Now, using the parallel axis theorem, we can write an expression for the moment of inertia after the cell gains one pixel:

\begin{eqnarray} I_{xx}^{new} = I_{x'x'}^{new} - (V+1)d_{new}^2 \end{eqnarray}

where, as before, \(I_{xx}^{new}\) denotes the moment of inertia of a cell with a new pixel with respect to x axis passing through the center of mass, \(I_{x'x'}^{new}\) is a moment of inertia with respect to an axis parallel to the x axis that passes through the center of mass, \(d_{new}\) is the distance between the axes, and \(V+1\) is the volume of the cell after it gained one pixel. Now, let us rewrite the above equation by adding and subtracting the \(Vd^2\) term:

\begin{eqnarray} I_{xx}^{new} = I_{x'x'}^{old} + y_{n+1}^2 + z_{n+1}^2 - Vd^2 + Vd^2 (V+1)d_{new}^2 \\ = I_{x'x'}^{old} - Vd^2 + y_{n+1}^2 + z_{n+1}^2 + Vd^2 (V+1)d_{new}^2 \\ I_{xx}^{old} - Vd^2 + y_{n+1}^2 + z_{n+1}^2 + Vd^2 (V+1)d_{new}^2 \end{eqnarray}

Therefore, we have found an expression for the moment of inertia passing through the center of mass of the cell with the additional pixel. Note that this expression involves a moment of inertia for the old cell (i.e. the original cell, not the one with extra pixel). When we add a new pixel, we know its coordinates and we can also easily calculate \(d_new\) . Thus, when we need to calculate the moment of inertia for a new cell, instead of performing summation as given in the definition of the inertia tensor, we can use a much simpler expression.

This was a diagonal term of the inertia tensor. What about off-diagonal terms? Let us write an explicit expression for \(I_{xy}\) :

\begin{eqnarray} I_{xy} = -\sum_i^N (x_i-x_{com})(y_i-y_{com}) = -\sum_i^N x_i y_i + x_{COM}\sum_i^Ny_i + y_{COM}\sum_i^Nx_i - x_{COM}y_{COM}\sum_i^N \\ = -\sum_i^N x_i y_i + x_{COM}Vy_{COM} + y_{COM}Vx_{COM} - x_{COM}y_{COM} V \\ = -\sum_i^N x_i y_i + V x_{COM}y_{COM} \end{eqnarray}

where \(x_{COM}\), \(y_{COM}\) denote x and y center of mass positions of the cell, \(V\) denotes cell volume.

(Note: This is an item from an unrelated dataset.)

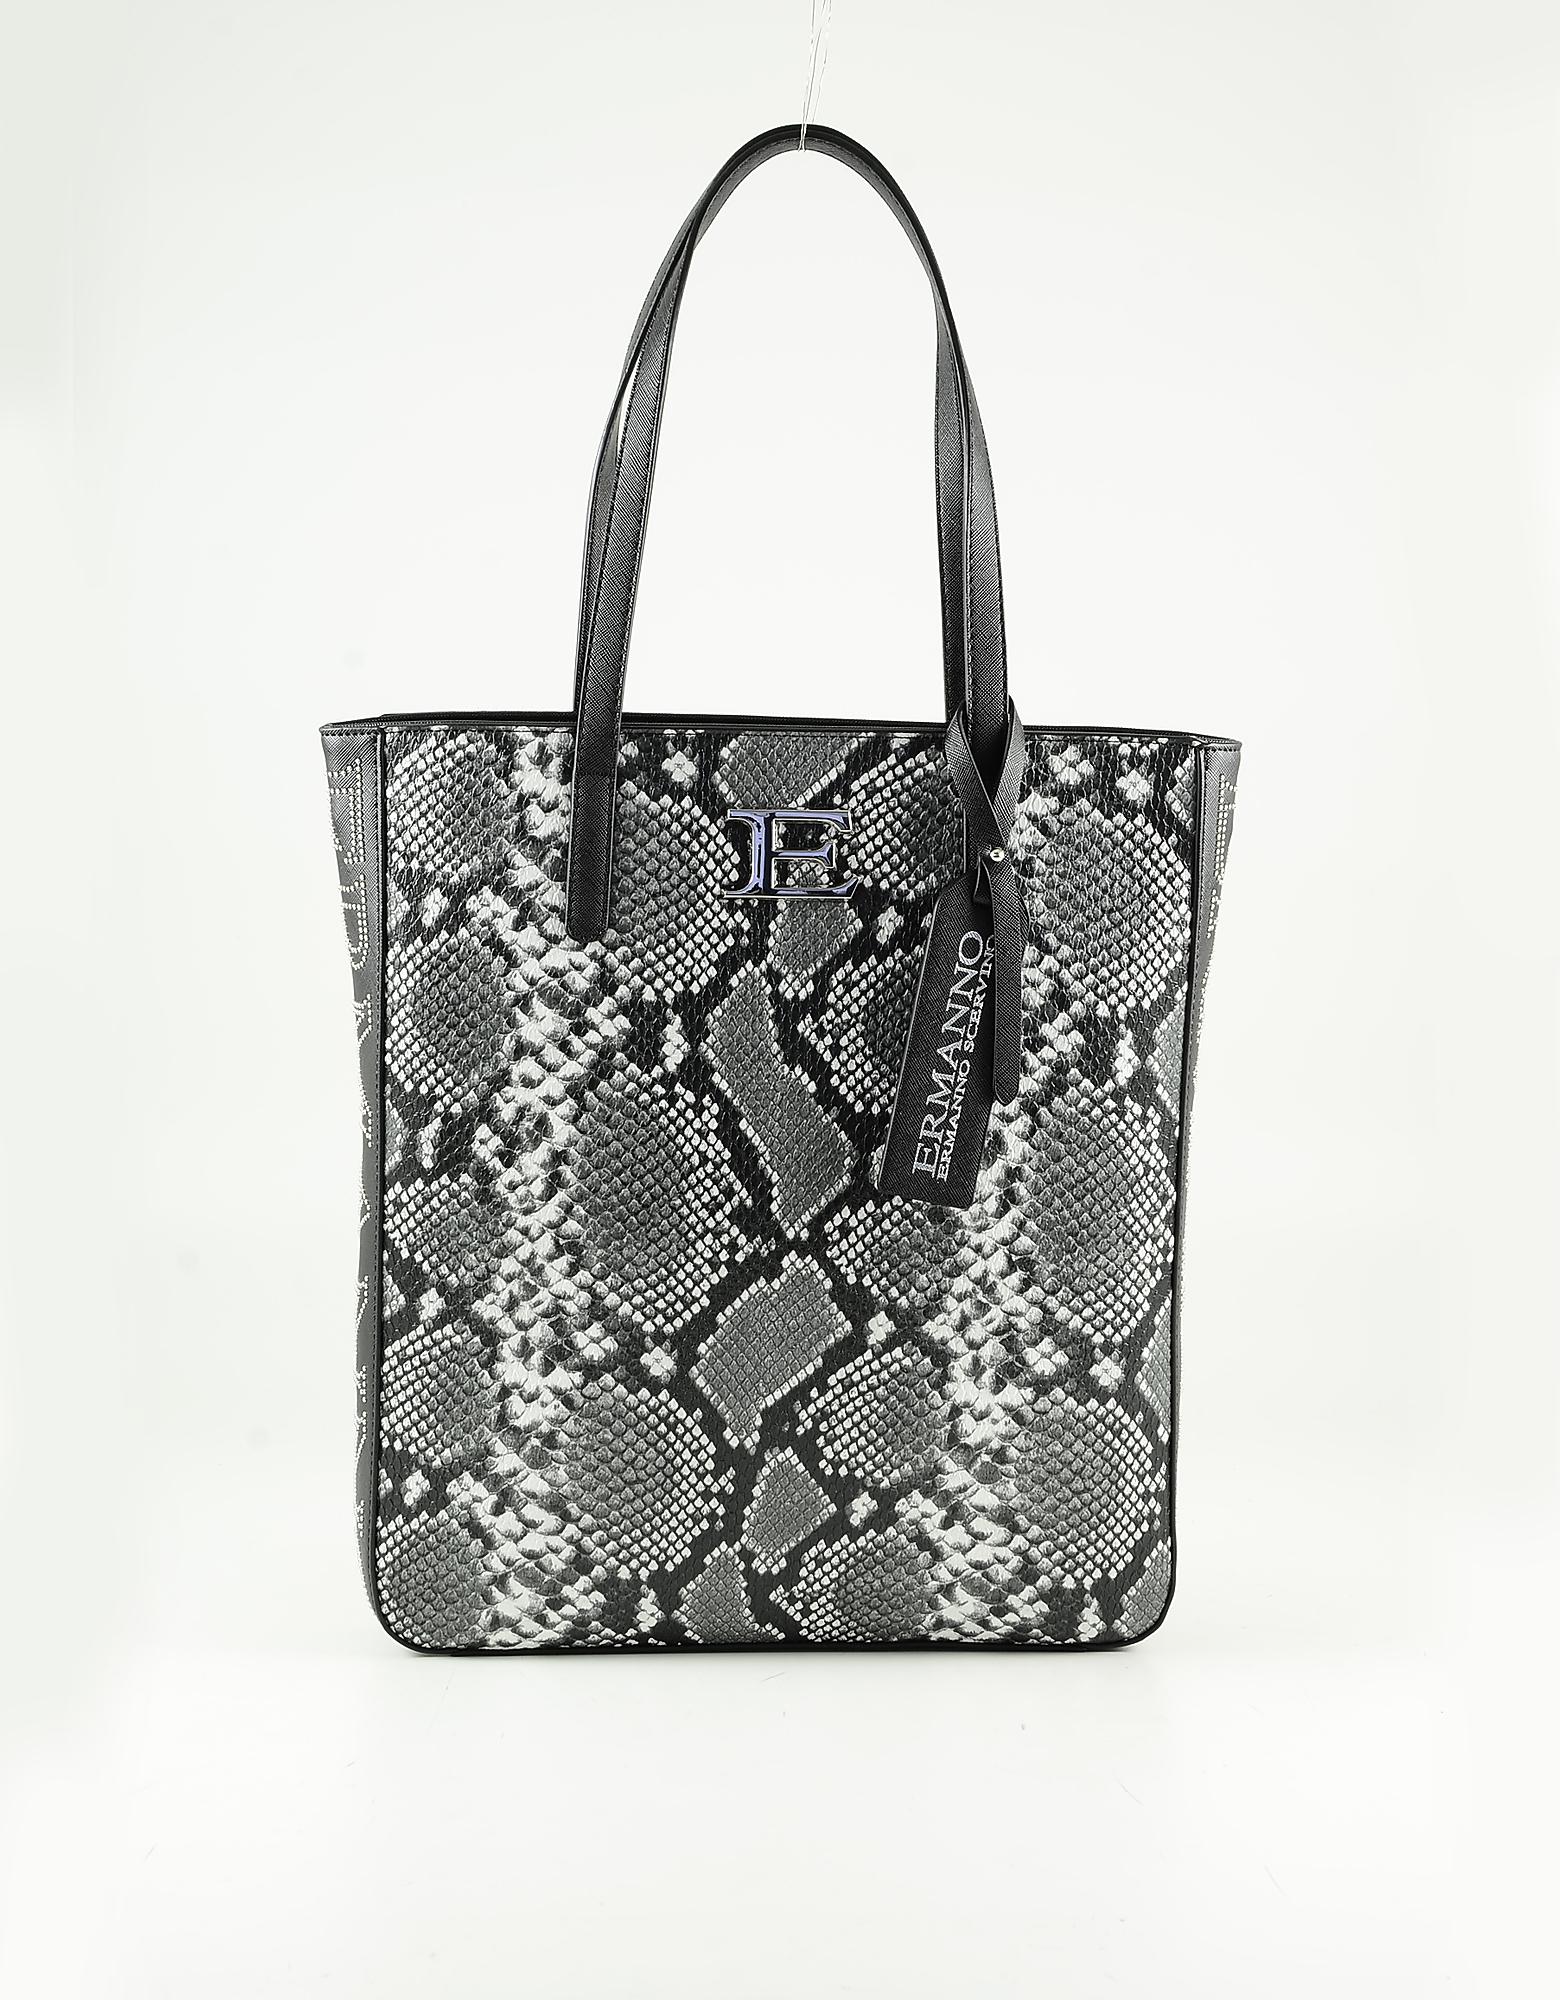 Ermanno Scervino Dark Gray Python Printed Eco Leather Tote Bag

In the above formula, we have used the fact that:

\begin{eqnarray} x_{COM} = \frac{\sum_i x_i}{V} \implies \sum_i x_i = x_{COM} V \end{eqnarray}

and similarly for the y coordinate.

Now, for the new cell with an additional pixel, we have the following relation:

\begin{eqnarray} I_{xy}^{new} = - \sum_i^{N+1} x_i y_i + (V+1)x^{new}_{COM}y^{new}_{COM} \\ = - \sum_i^{N} x_i y_i + V x_{COM}y_{COM} - x_{COM}Vy_{COM} + (V+1)x^{new}_{COM}y^{new}_{COM} - x_{N+1}y_{n+1} \\ = I_{xy}^{old} - V x_{COM}y_{COM} + (V+1)x^{new}_{COM}y^{new}_{COM} - x_{N+1}y_{n+1} \end{eqnarray}

where we have added and subtracted \(V x_{COM}y_{COM}\) to be able to form \(I_{xy}^{old}- \sum_i^{N} x_i y_i+ V x_{COM}y_{COM}\) on the right hand side of the expression for \(I_{xy}^{new}\) . As was the case for the diagonal element, calculating an off-diagonal of the inertia tensor involves ::math`I_{xy}^{old}` and the center of mass of the cell before and after gaining a new pixel. All those quantities are either known a priori (::math`I_{xy}^{old}`) or can be easily calculated (center of mass position after gaining one pixel).

We have shown how we can calculate the tensor of inertia for a given cell with respect to a coordinate frame with origin at a cell’s center of mass, without evaluating full sums. Such “local” calculations greatly speed up simulations.